▶ [PROBLEM DESCRIPTION]: Copy word for word the line containing "Powered by M12™" together with all lines following it to the end of the listing below, without the pictures.

▶ [COLLECTED MATERIAL]:
┏━━
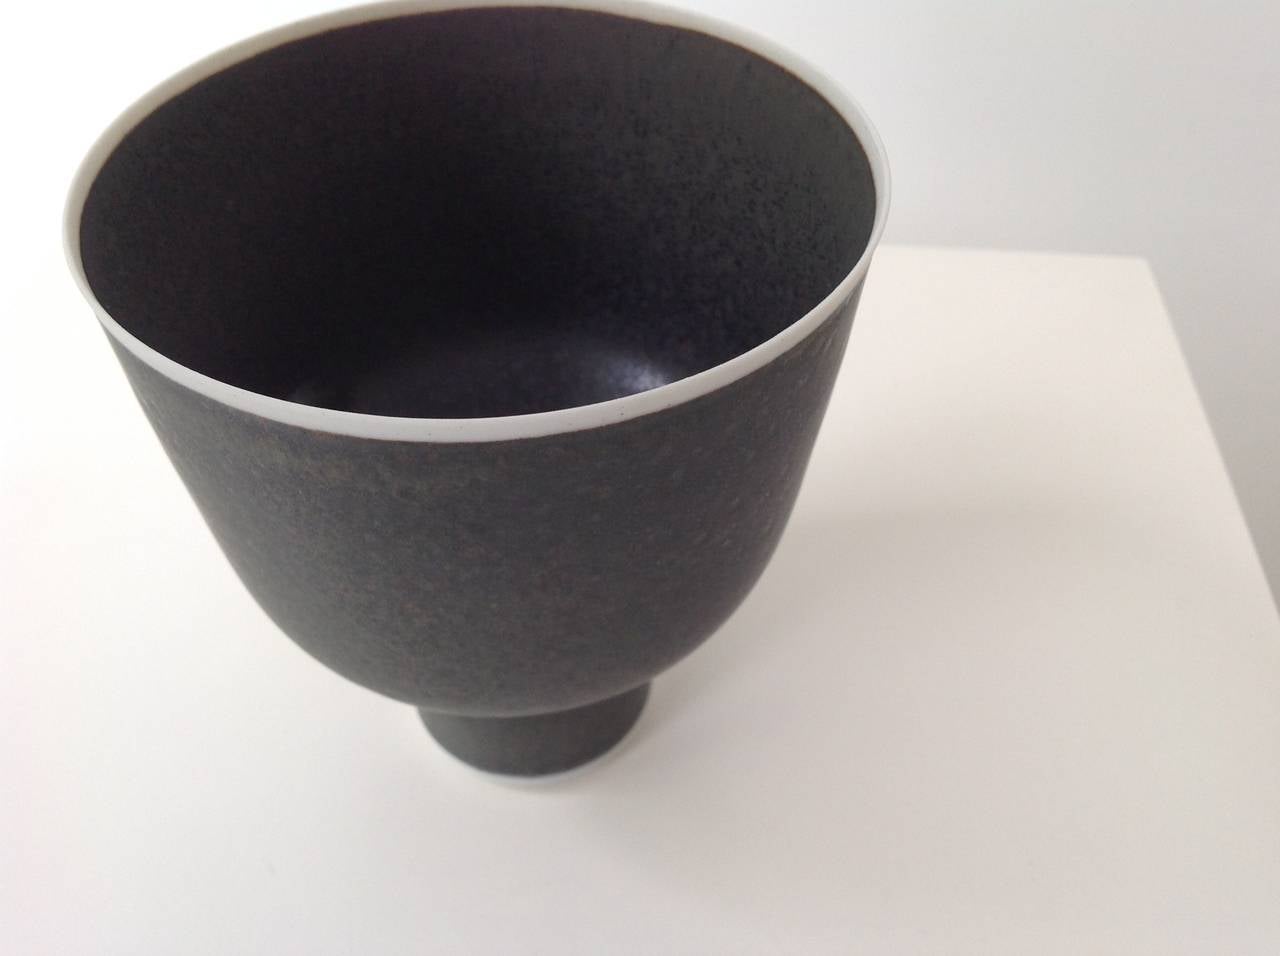 Hand thrown form, one of a kind, small porcelain bowl on foot, white porcelain, black glazed, signed Lap
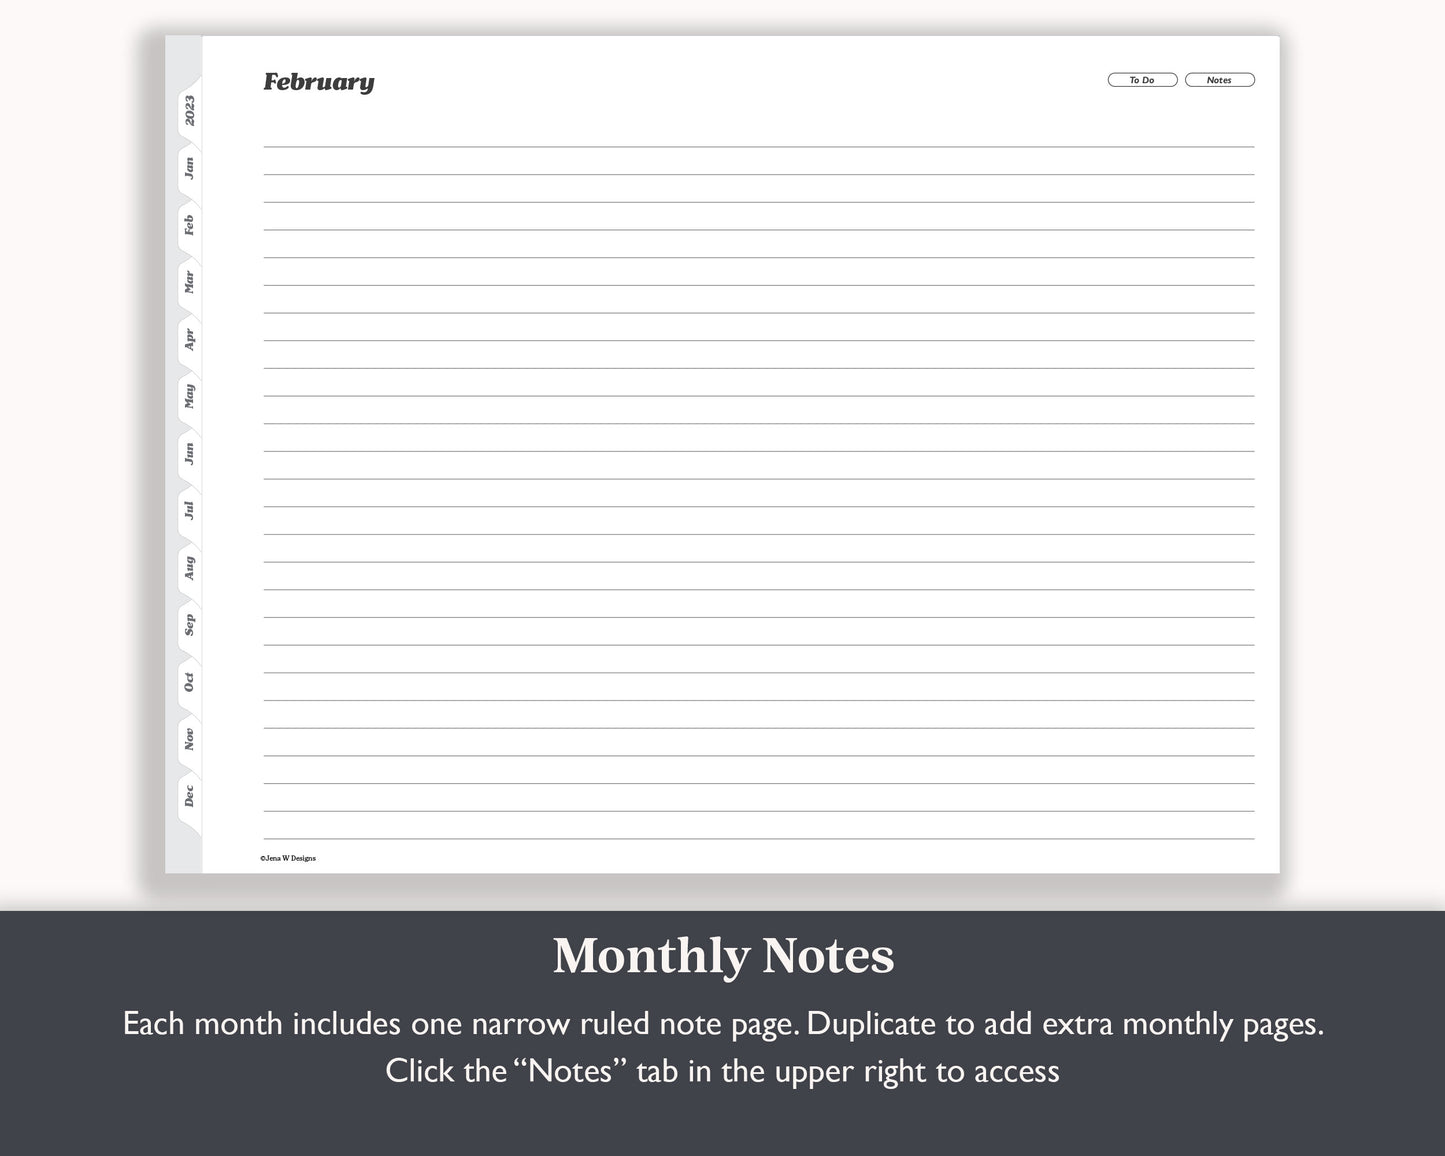 2023 Monthly Weekly Planner with To Do Lists | Landscape Planner for e-ink Devices
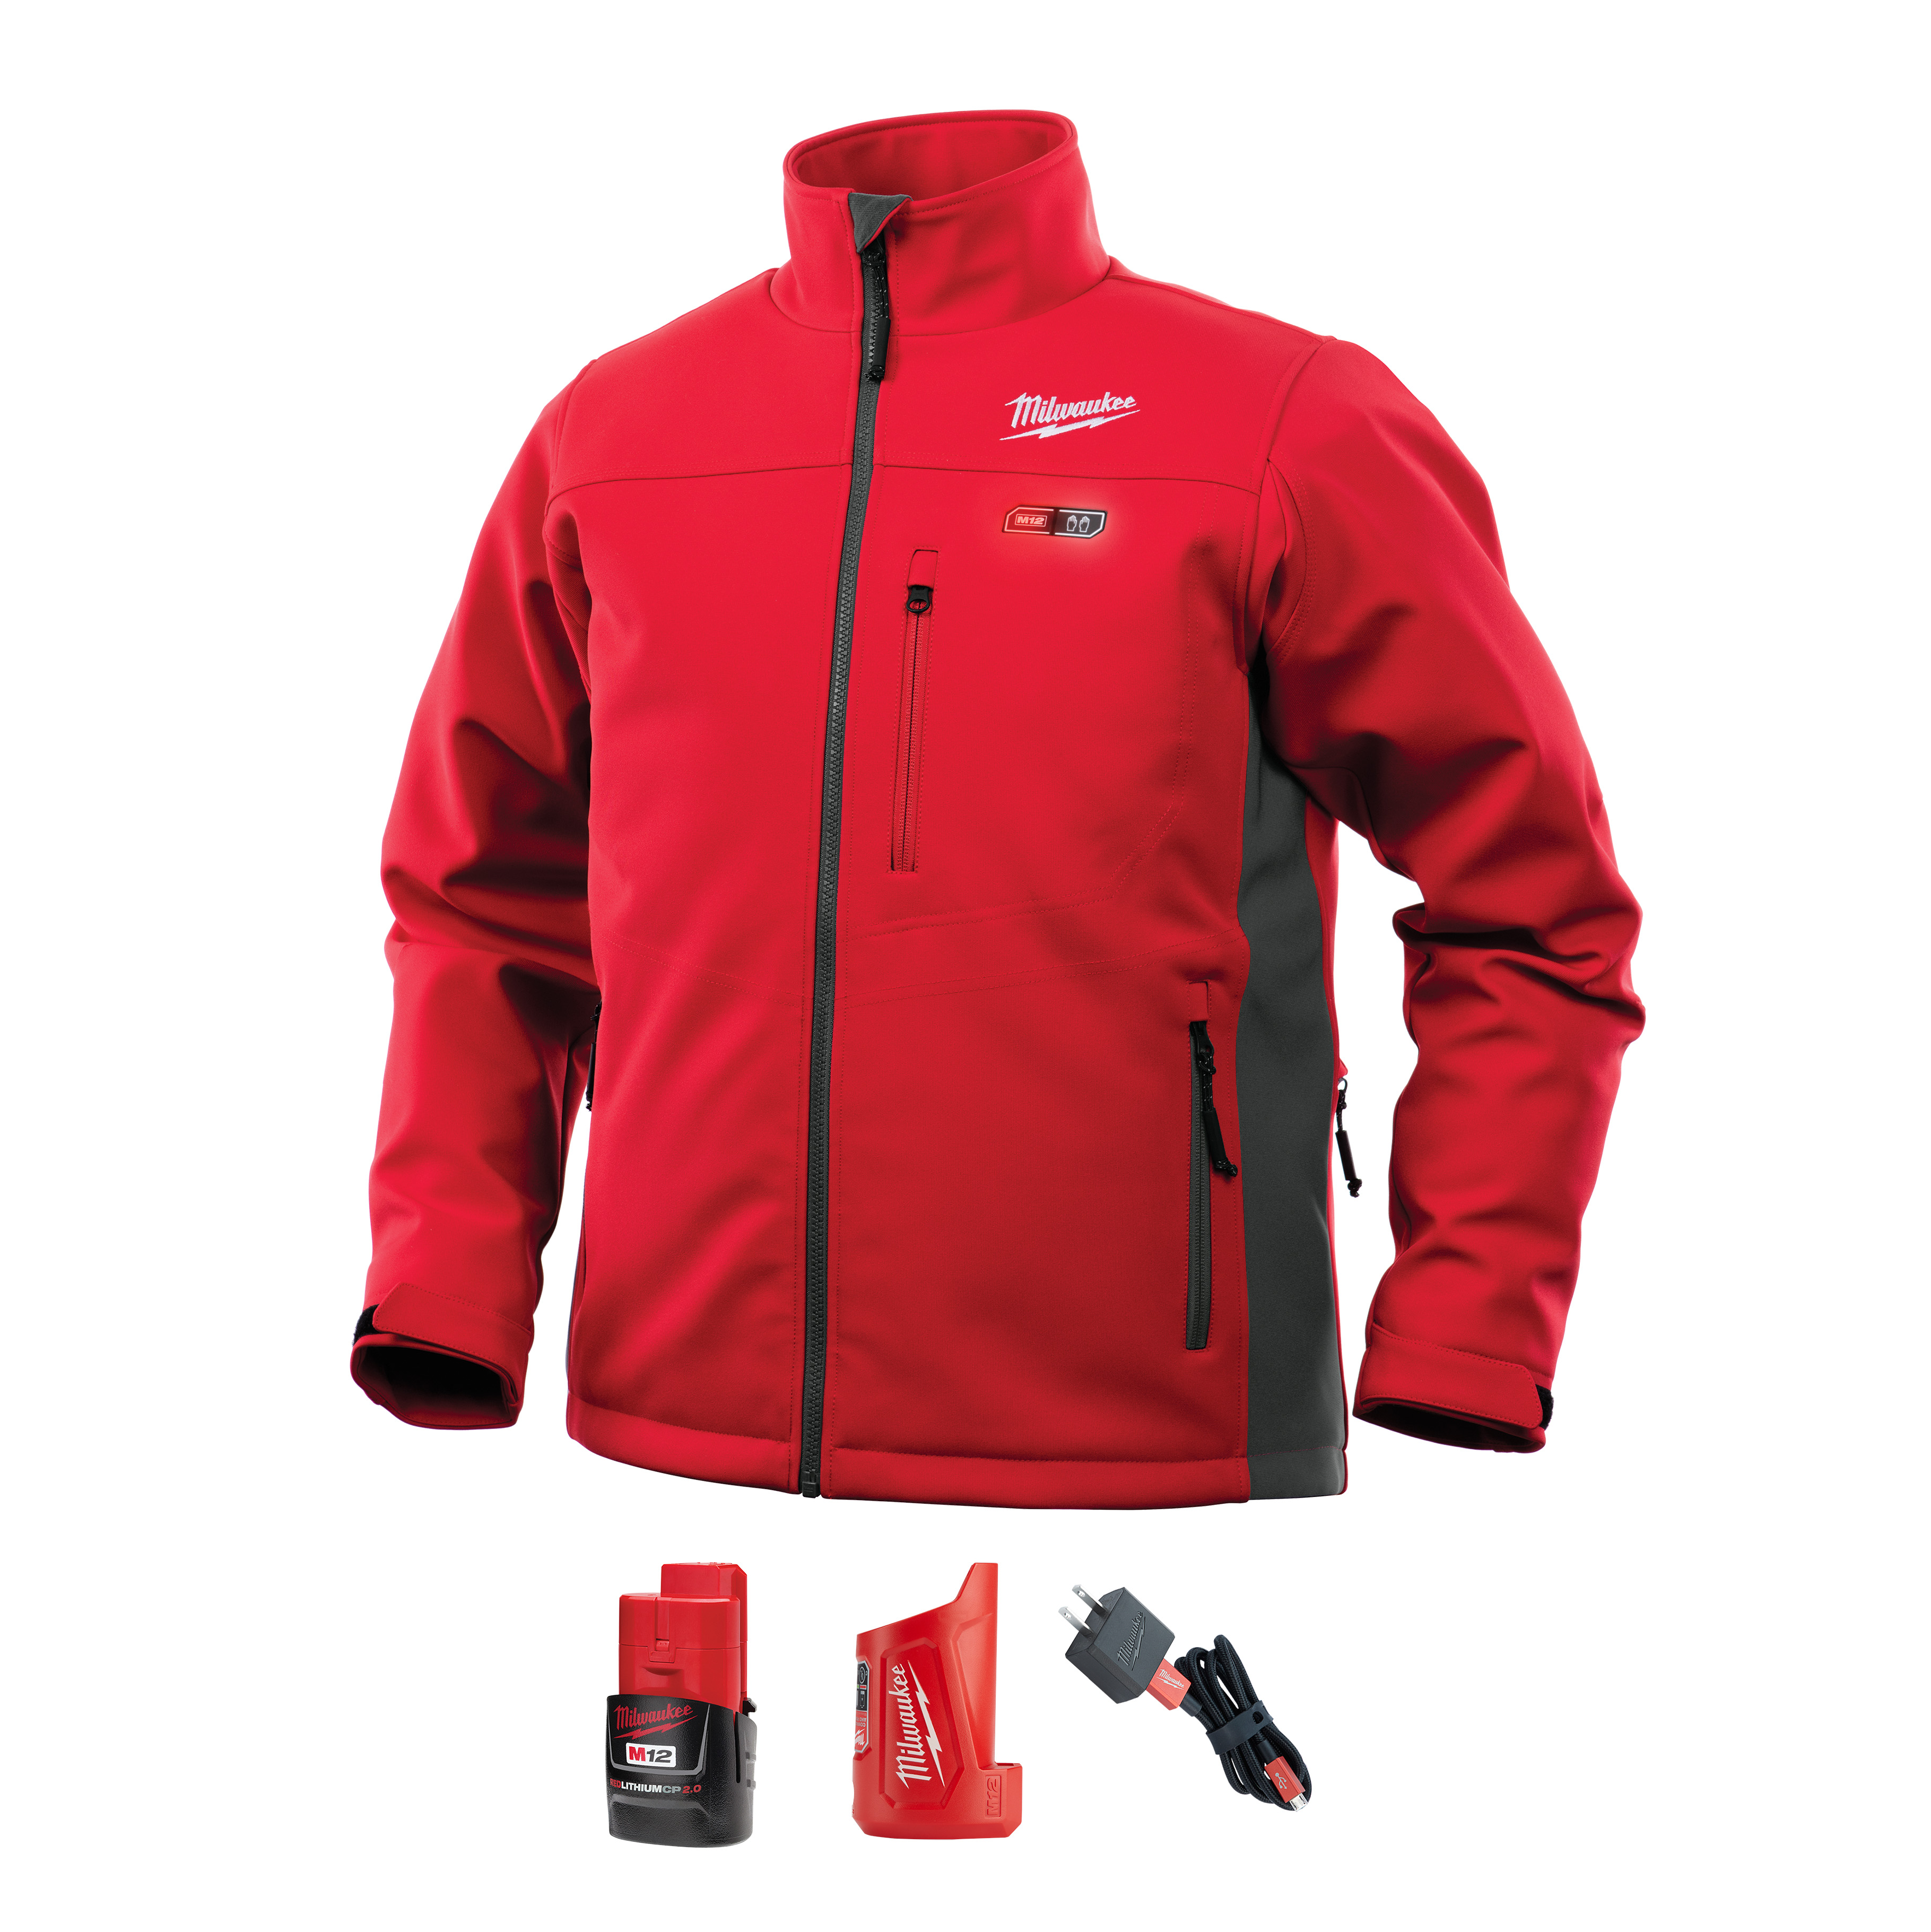 Powered by M12™ REDLITHIUM™ battery technology, Milwaukee® M12™ heated ToughShell™ jackets use carbon fiber heating elements to create and distribute heat to the chest, back, and front hand pockets. A one-touch LED controller allows users to select from three heat settings, delivering ideal heat for any environment. The new quick-heat function allows users to feel heat 3X faster than previous jackets and market competitors. For use in abrasive environments, ToughShell™ stretch polyester delivers 5X longer life than previous QuietShell jackets, and provides wind and water resistance to survive the elements. 22293
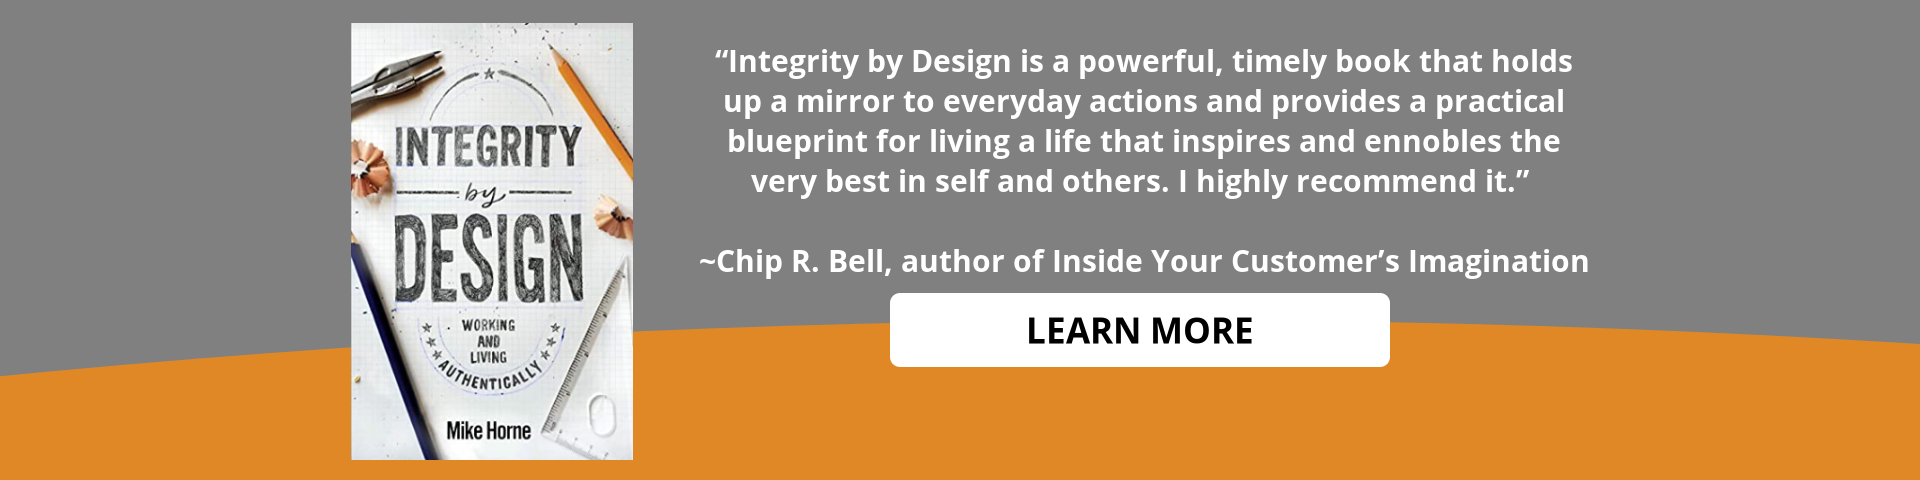 Integrity by Design by Mike Horne
┗━━
▶ [SOLUTION FOR THIS EXERCISE]:
 Powered by M12™ REDLITHIUM™ battery technology, Milwaukee® M12™ heated ToughShell™ jackets use carbon fiber heating elements to create and distribute heat to the chest, back, and front hand pockets. A one-touch LED controller allows users to select from three heat settings, delivering ideal heat for any environment. The new quick-heat function allows users to feel heat 3X faster than previous jackets and market competitors. For use in abrasive environments, ToughShell™ stretch polyester delivers 5X longer life than previous QuietShell jackets, and provides wind and water resistance to survive the elements. 22293
 Integrity by Design by Mike Horne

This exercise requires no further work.